As an exercise, transcribe the data below in full and exactly, omitting pictures.

• _Dataset section_
◇ ◇ ◇ ◇ ◇

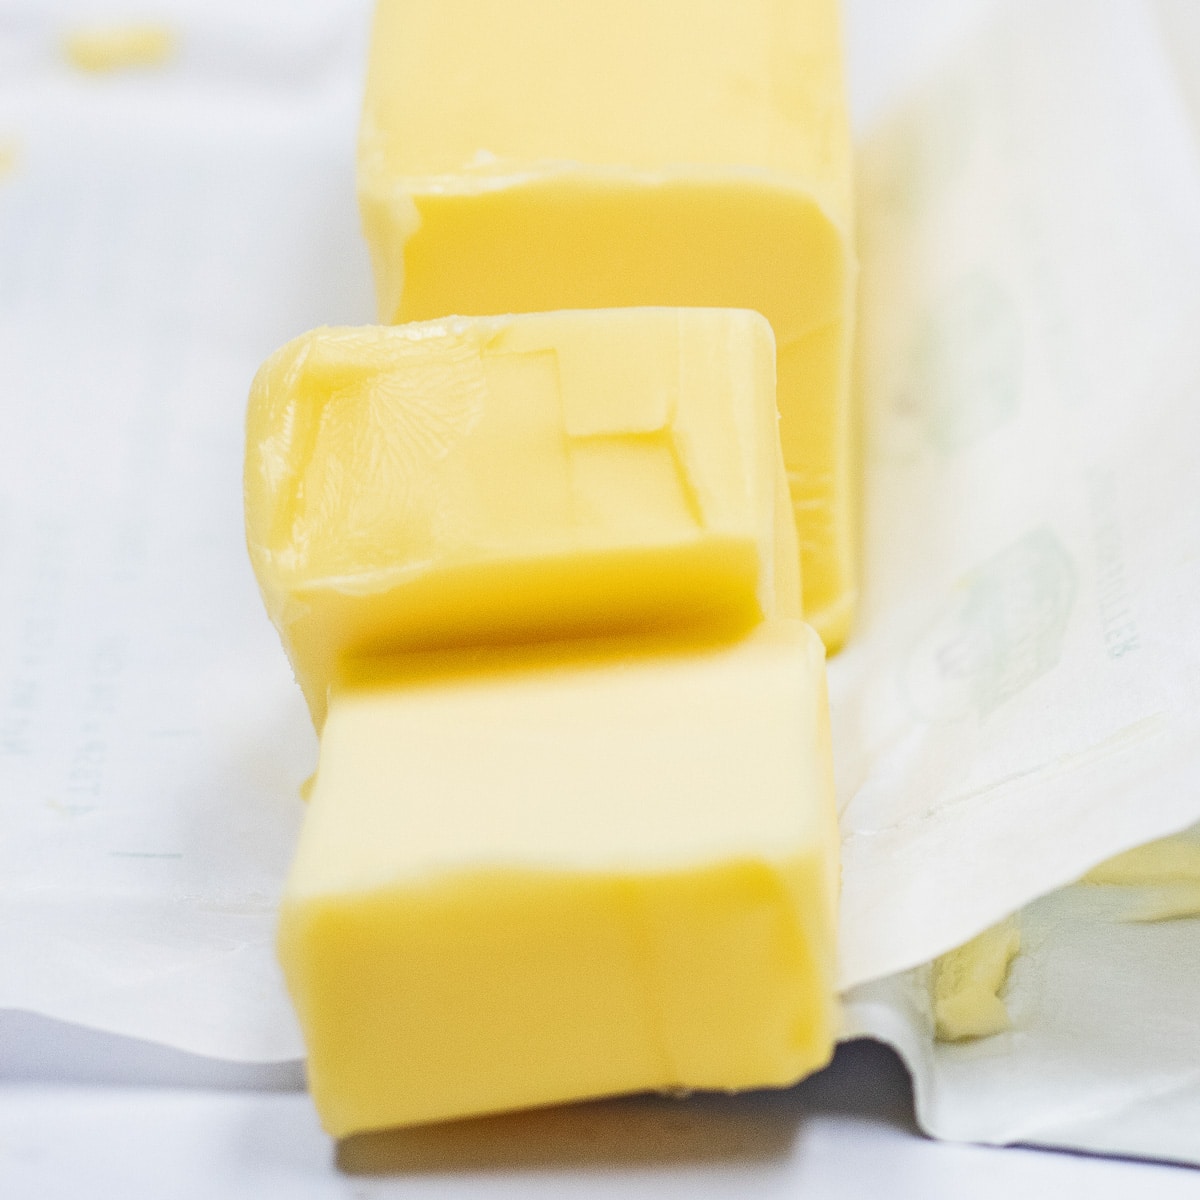 यहां दिखाए गए कटा हुआ यूरोपीय मक्खन को बदलने के लिए सर्वश्रेष्ठ मक्खन विकल्प विकल्प।
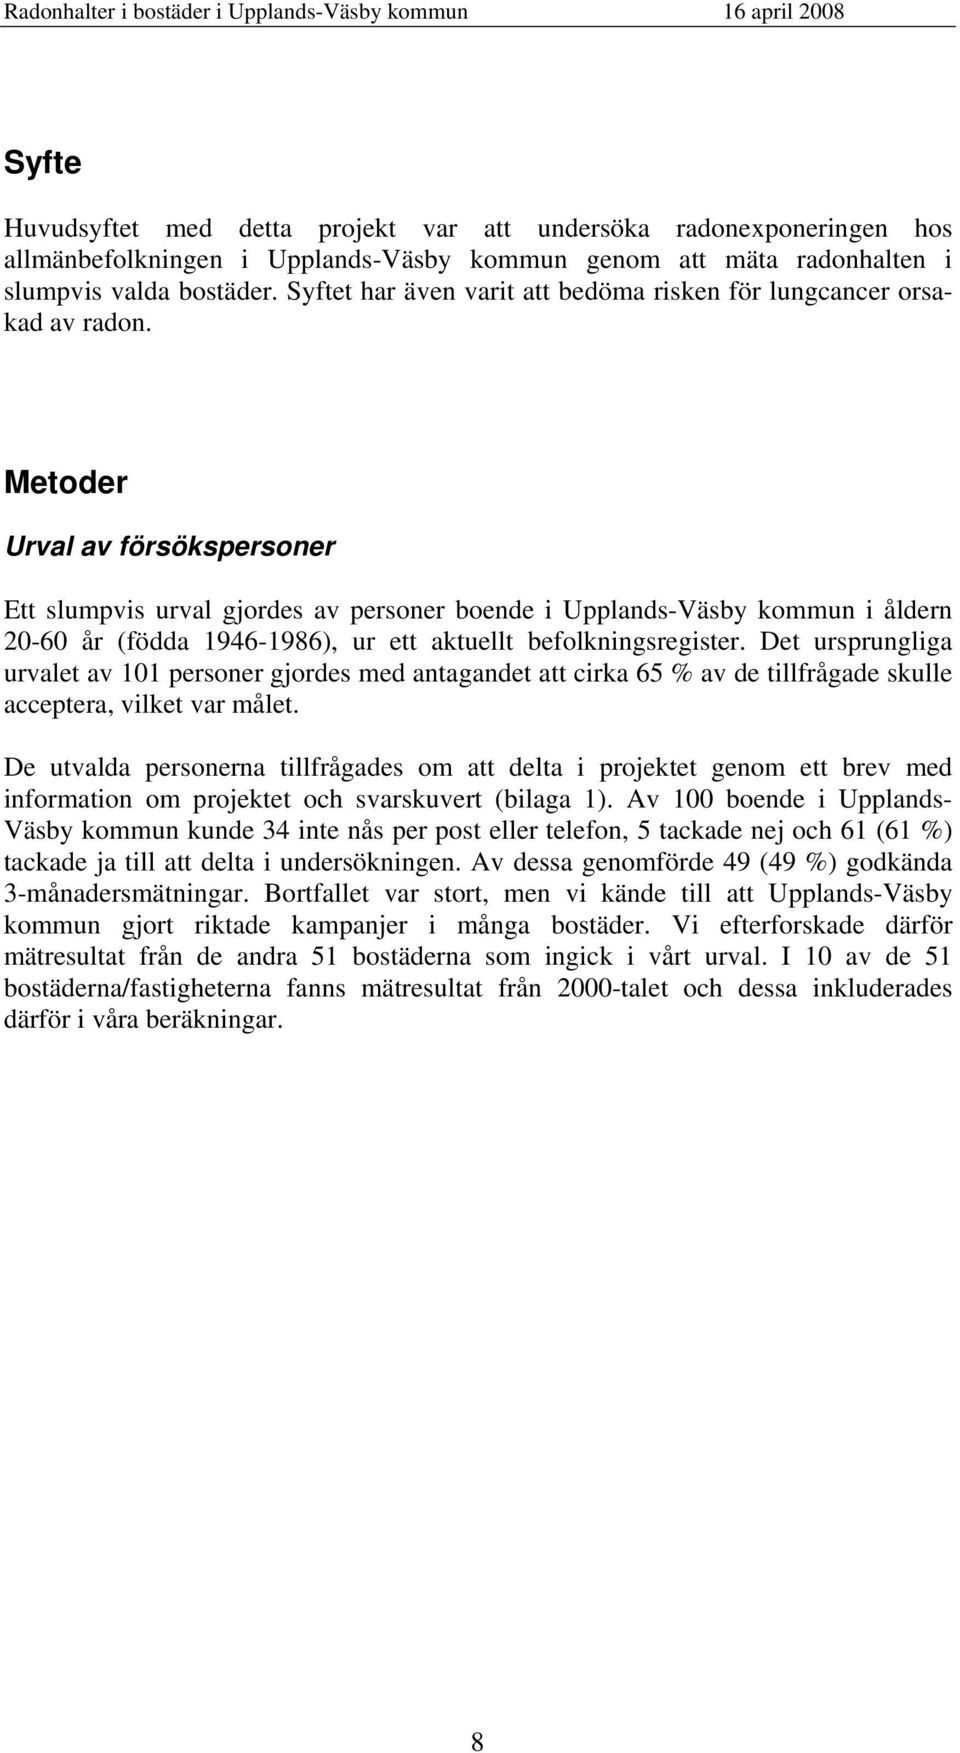 Metoder Urval av försökspersoner Ett slumpvis urval gjordes av personer boende i Upplands-Väsby kommun i åldern 20-60 år (födda 1946-1986), ur ett aktuellt befolkningsregister.
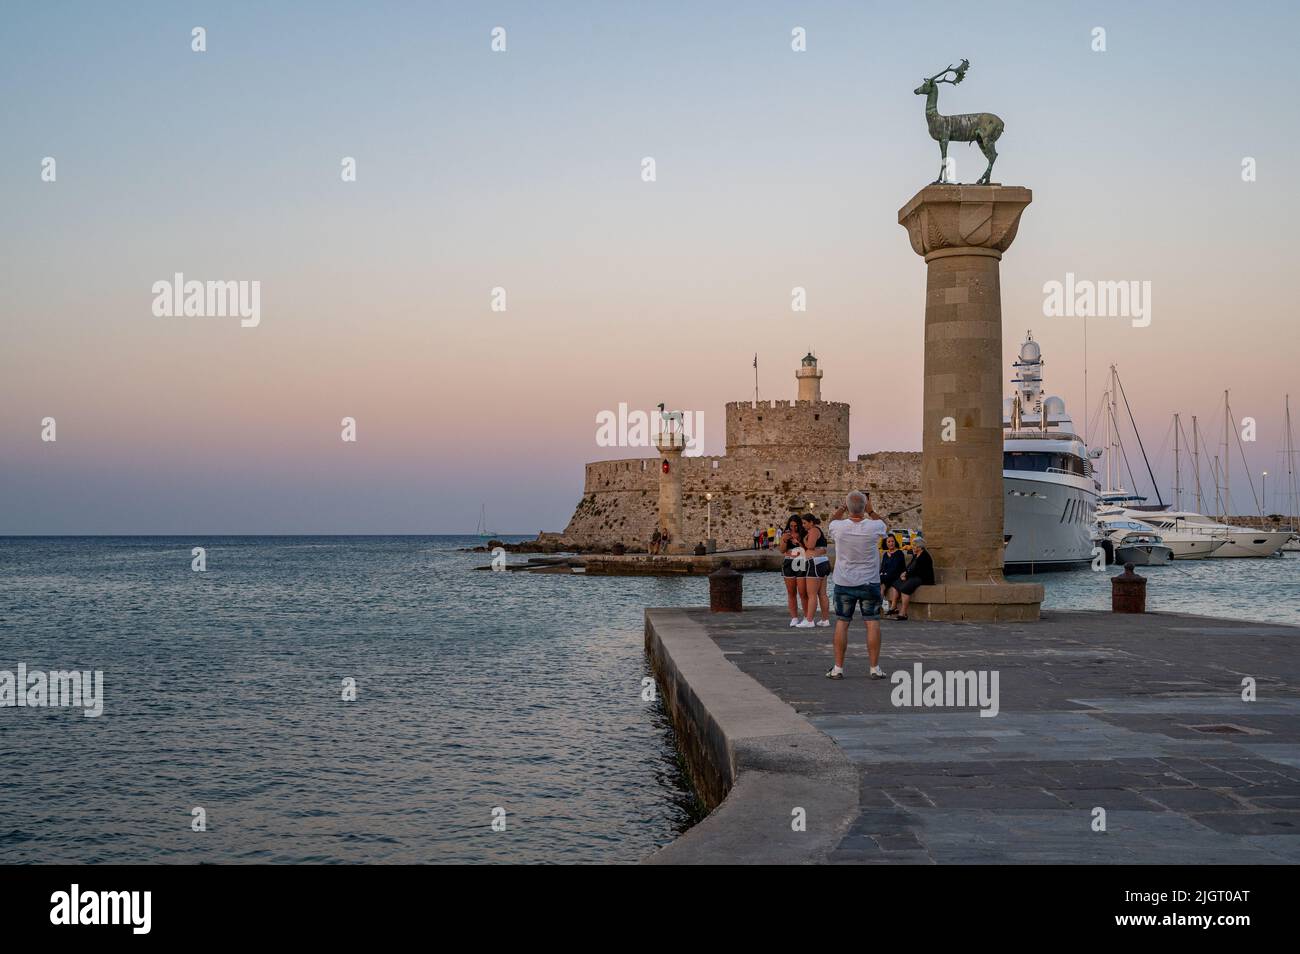 Port de Mandraki à Rhodes, sur l'île de Rhodes, en Grèce. Banque D'Images
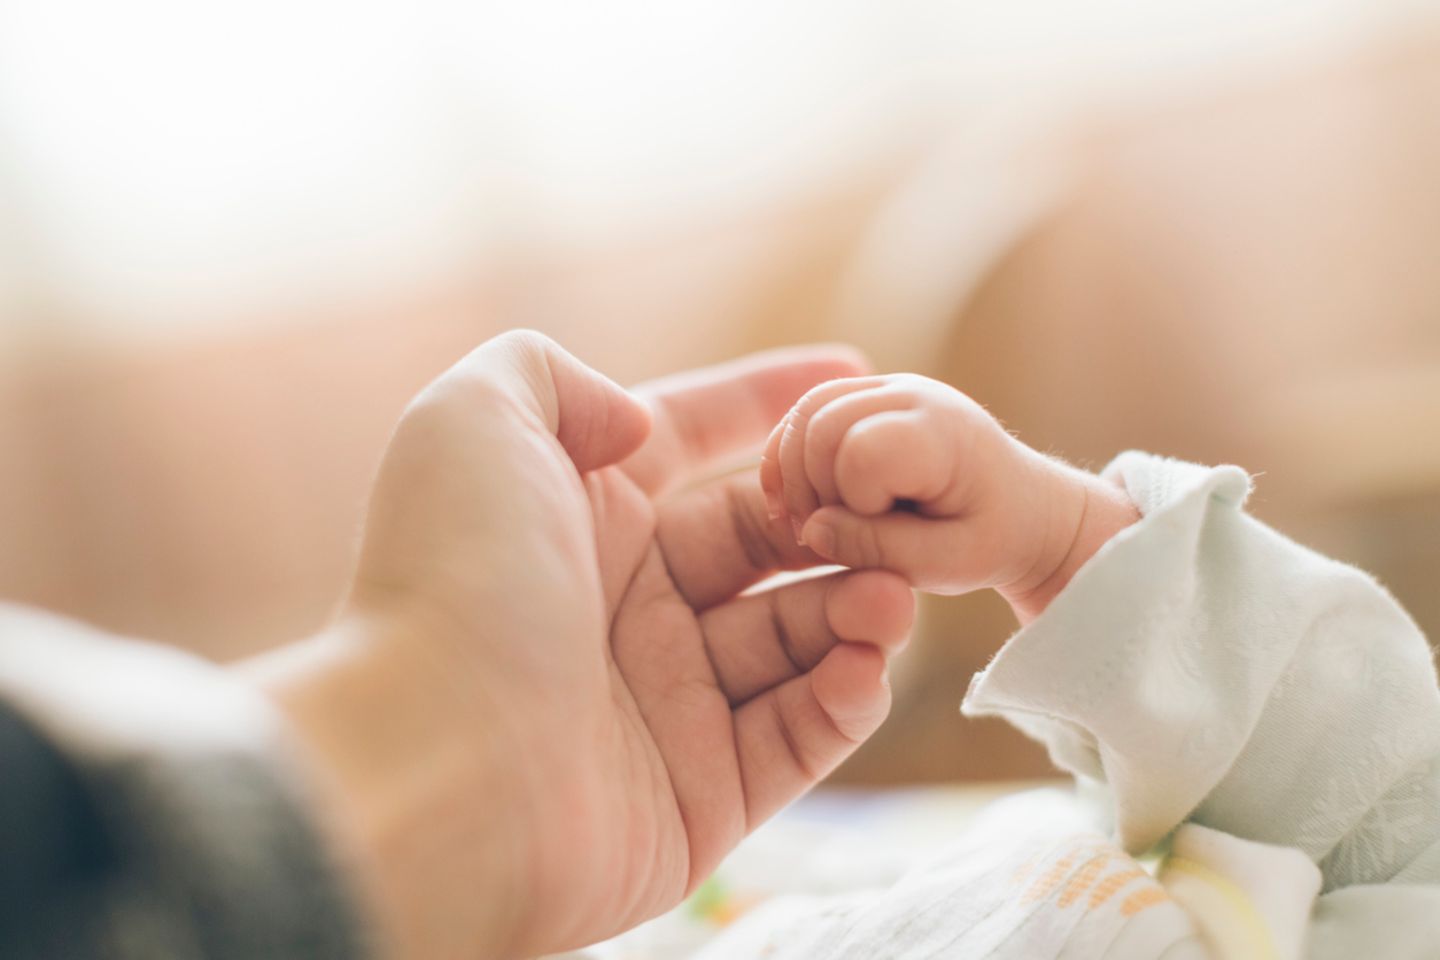 Reflexe Baby: Neugeborenes umklammert den Finger seiner Mutter

◇ ◇ ◇ ◇ ◇

• _Exercise answer_
 यहां दिखाए गए कटा हुआ यूरोपीय मक्खन को बदलने के लिए सर्वश्रेष्ठ मक्खन विकल्प विकल्प।
 Metoder Urval av försökspersoner Ett slumpvis urval gjordes av personer boende i Upplands-Väsby kommun i åldern 20-60 år (födda 1946-1986), ur ett aktuellt befolkningsregister.
 Port de Mandraki à Rhodes, sur l'île de Rhodes, en Grèce. Banque D'Images
 Reflexe Baby: Neugeborenes umklammert den Finger seiner Mutter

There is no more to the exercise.